В данном случае образ среды постепенно размывается и исчезает, обеспечив,
однако, «информационную поддержку» колонизации.
Наиболее важным из дополнительных информационных
фильтров является фильтр цели,
организующий определенным образом поступающую от среды информацию (в том числе
информационный шум) и определяющий
особенности ее интерпретации (объективации в социальной структуре). Подобная
узконаправленность в считывании средовой информации и, соответственно, значительное
упрощение колониальной части социальной структуры являются важным
приспособительным фактором. Это позволяет решать конкретные задачи колонизации
и, в то же время, свести к минимуму мутационное влияние среды на
самоорганизующуюся колониальную структуру. Дело в том, что даже та доля
«открытости» среде, которой обладает метрополия, делала бы колонию весьма
уязвимой, поскольку последняя в отличие от метрополии обычно не обладает (по
плотности информационных носителей, как людских, так и материально-вещественных)
достаточной мощности информационным фильтром. Единое семиотическое поле и
непосредственный опыт колонистов остаются едва ли не единственной формой
сохранения структурной информации в начальный период колонизации (именно этим
объясняются известная консервативность и трепетное отношение к традициям, столь
характерные для колоний). В свою
очередь, чрезмерная «открытость» среде и относительная слабость информационных
фильтров могли обусловить рост хаотичности колониальной структуры, что, с одной
стороны, способствовало бы более адекватному ее реагированию на факты среды,
но, с другой стороны, инициировало бы процессы дивергенции (расхождения
квалифицирующих признаков) колонии и метрополии.
Следует, однако, различать понятие структурной
целостности колонии и метрополии и понятие их структурной тождественности. В
первом случае речь идет о целостности социального организма вне зависимости от
степени различия составляющих его частей. Нарушение этой целостности означает
распадение социума или, если угодно, «отпочкование» колонии от метрополии с
образованием собственного социального организма с той или иной степенью
независимости от метрополии. Причем, необходимо уяснить, что распадение
целостности вызывается не структурными различиями колонии и метрополии, а
наличием информационных фильтров между ними. Так, например, колония может
использовать фильтр цели не только для «просеивания» внешнесредовой информации,
но и для восприятия информации, исходящей от метрополии, что неизбежно повлечет
за собой усиление центробежных тенденций. При этом степень структурной
тождественности колонии и метрополии может быть достаточно высокой. Во втором
случае имеют значение лишь качественные различия между колонией и метрополией,
не связанные, однако, с закономерным упрощением колониальной структуры.

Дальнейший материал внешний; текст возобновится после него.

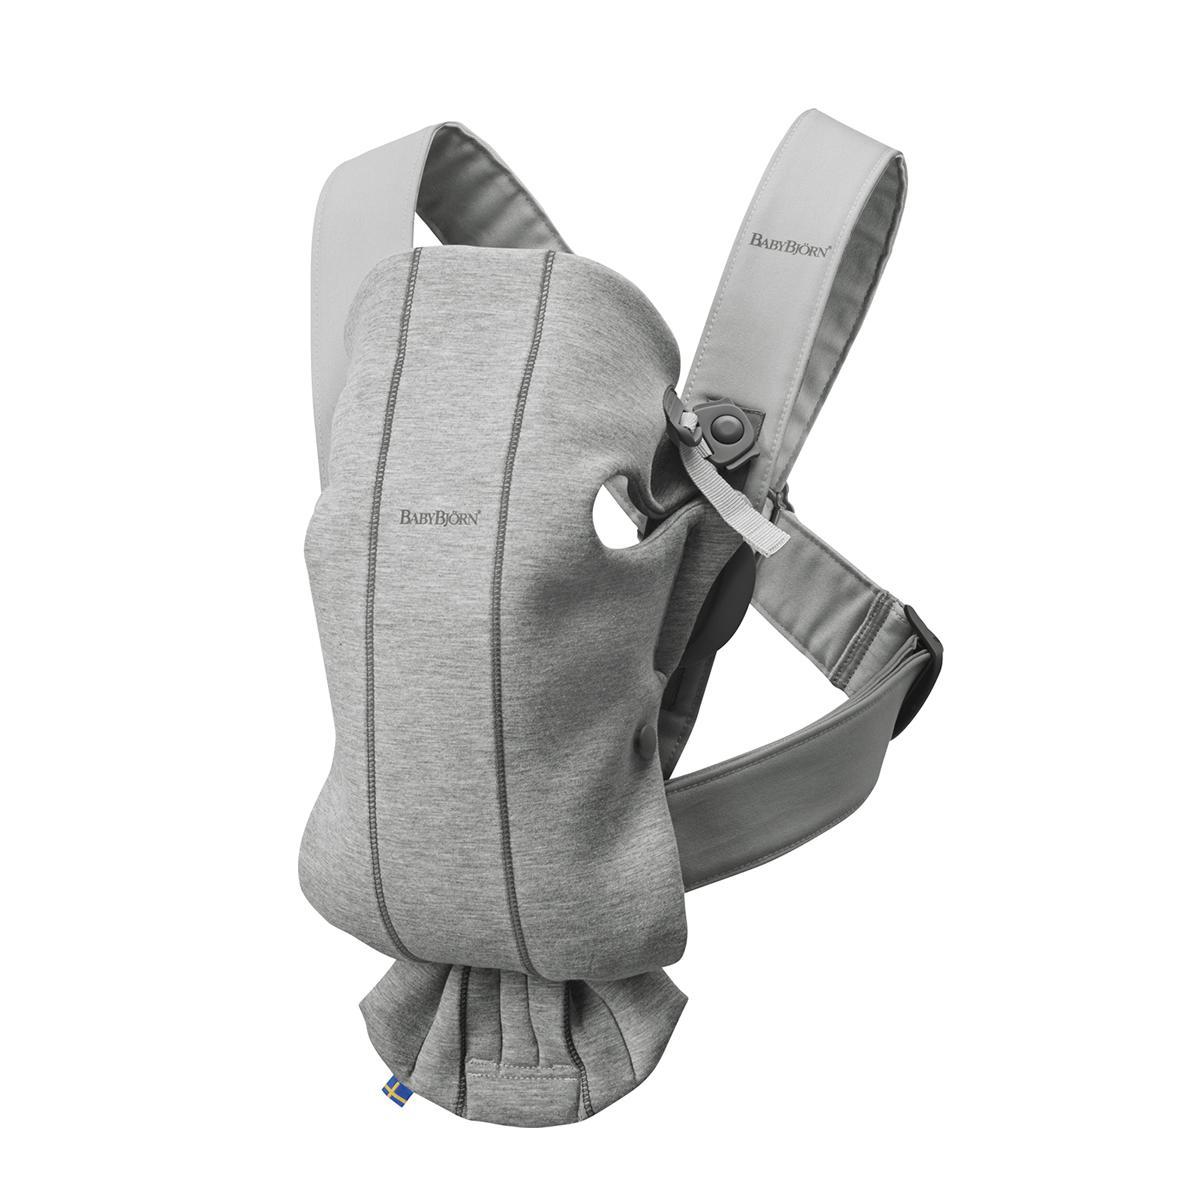 Mochila BabyBjörn Porta Bebé Mini, Gris Claro, 3D, Jersey

Основным фактором, трансформирующим колониальную структуру, является средовая
информация. Однако, согласно давно подмеченному факту, массово колонизуются
только те территории, которые обладают максимальным морфологическим сходством с
местами выхода колонистов. Иными словами, только осмысленные факты среды ведут к структуризации населения, только
для этих фактов организующаяся колониальная структура может найти
соответствующие «паттерны поведения» и, следовательно, оправдать свое существование.
Тем не менее, колония не есть простое повторение метрополии.

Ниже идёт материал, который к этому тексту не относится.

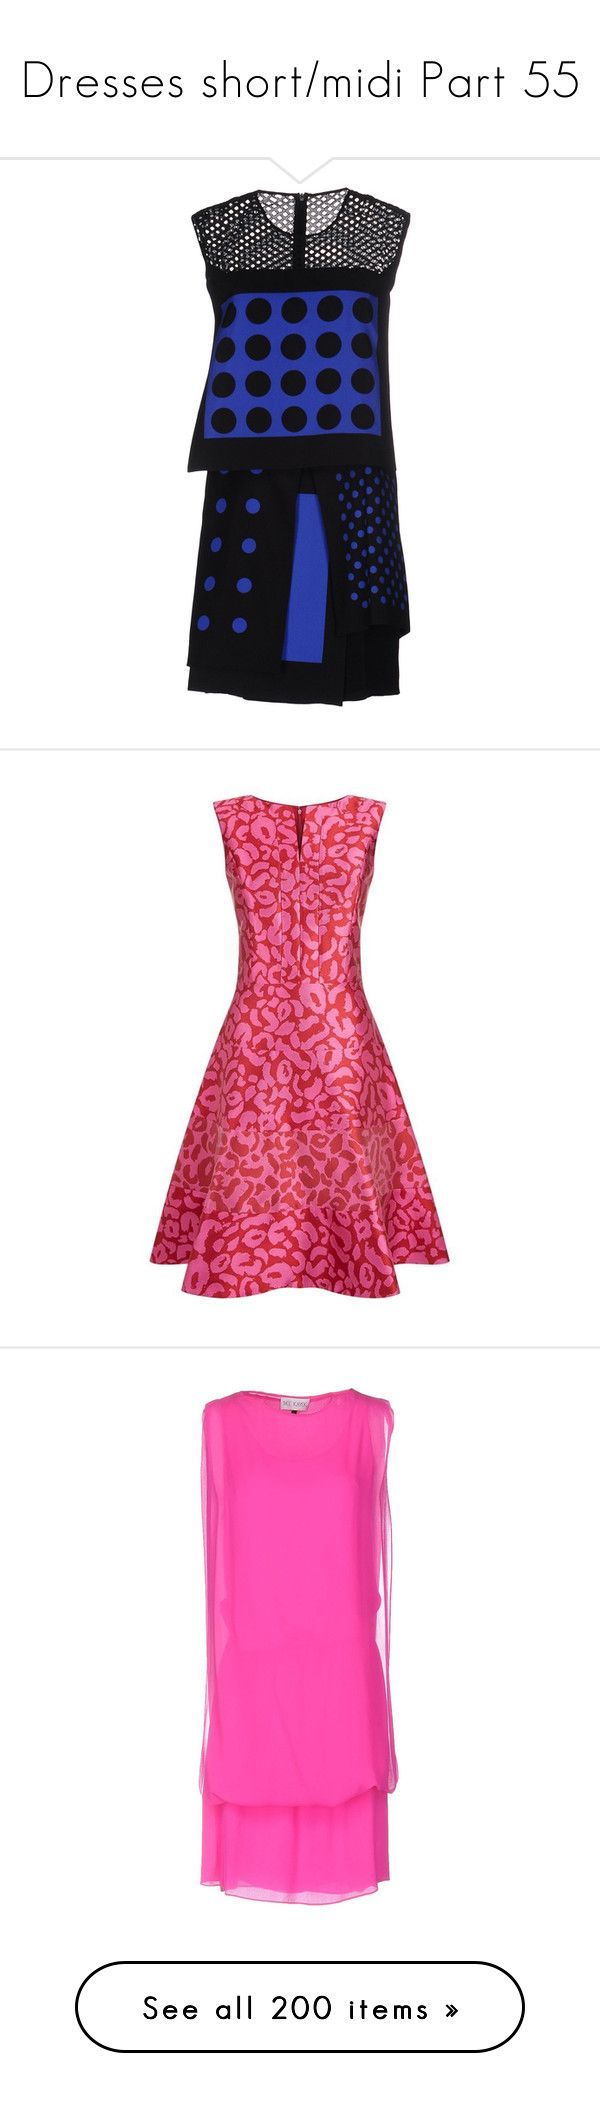 """Dresses short/midi Part 55"" by leanne-mcclean ❤ liked on Polyvore featuring dresses, black, mini tube dress, sleeveless dress, short tube dress, zipper dress, zipper mini dress, oscar de la renta dresses, circle skirt and jacquard dress"

Во-первых, считывание средовой информации есть
интерпретация, т.е. достаточно субъективно (в качестве социального субъекта
могут рассматриваться и отдельный индивид, и социальная группа, и общество в
целом). Вследствие этого, вполне допустимы ошибки, когда действия социального
субъекта, основанные на неверно осмысленных фактах, не являются адекватными
обстоятельствам, что может привести к серьезной трансформации части
колониальной структуры или ее уничтожению. Любой сколько-нибудь крупный
колонизационный процесс, известный истории, сопровождался возникновением
маргинальных групп колонистов, попадавших в непривычное средовое окружение, не
имевших возможности следовать своей традиционной структурной информации (а
значит, и сохранять ее) и испытывавших различные стадии аккультурации и
деэтнизации.
Во-вторых, отсутствие предопределенности в
формообразовании колонии обусловлено и тем обстоятельством, что поступающая от
среды информация всегда избыточна. Иными словами, поведение социума есть
процедура выбора одной из ряда возможных альтернатив, т.е. вероятностно. Хотя
наличие цели, как дополнительного информационного фильтра отграничивающего
актуальную информацию от потенциальной, все же делает принципиально возможным
прогнозное моделирование колонизационных процессов.
В любом случае, по количественным и качественным
показателям инноваций в колониальной структуре можно судить о степени новизны поступающей
информации. Тем самым становится возможным судить о степени различия между
местом выхода и местом водворения колонистов не по их объективным
характеристикам как они есть, а по их восприятию социумом. Очевидно, что в этом
случае наше представление о воздействии средовых условий на социальную структуру
окажется более объективным. Как бы то ни было, отправной точкой исследования
колонизирующего общества должно являться выяснение его свойств как
информационной структуры; исследование свойств колонизируемой среды неизбежно
будет носить вторичный, подчиненный характер.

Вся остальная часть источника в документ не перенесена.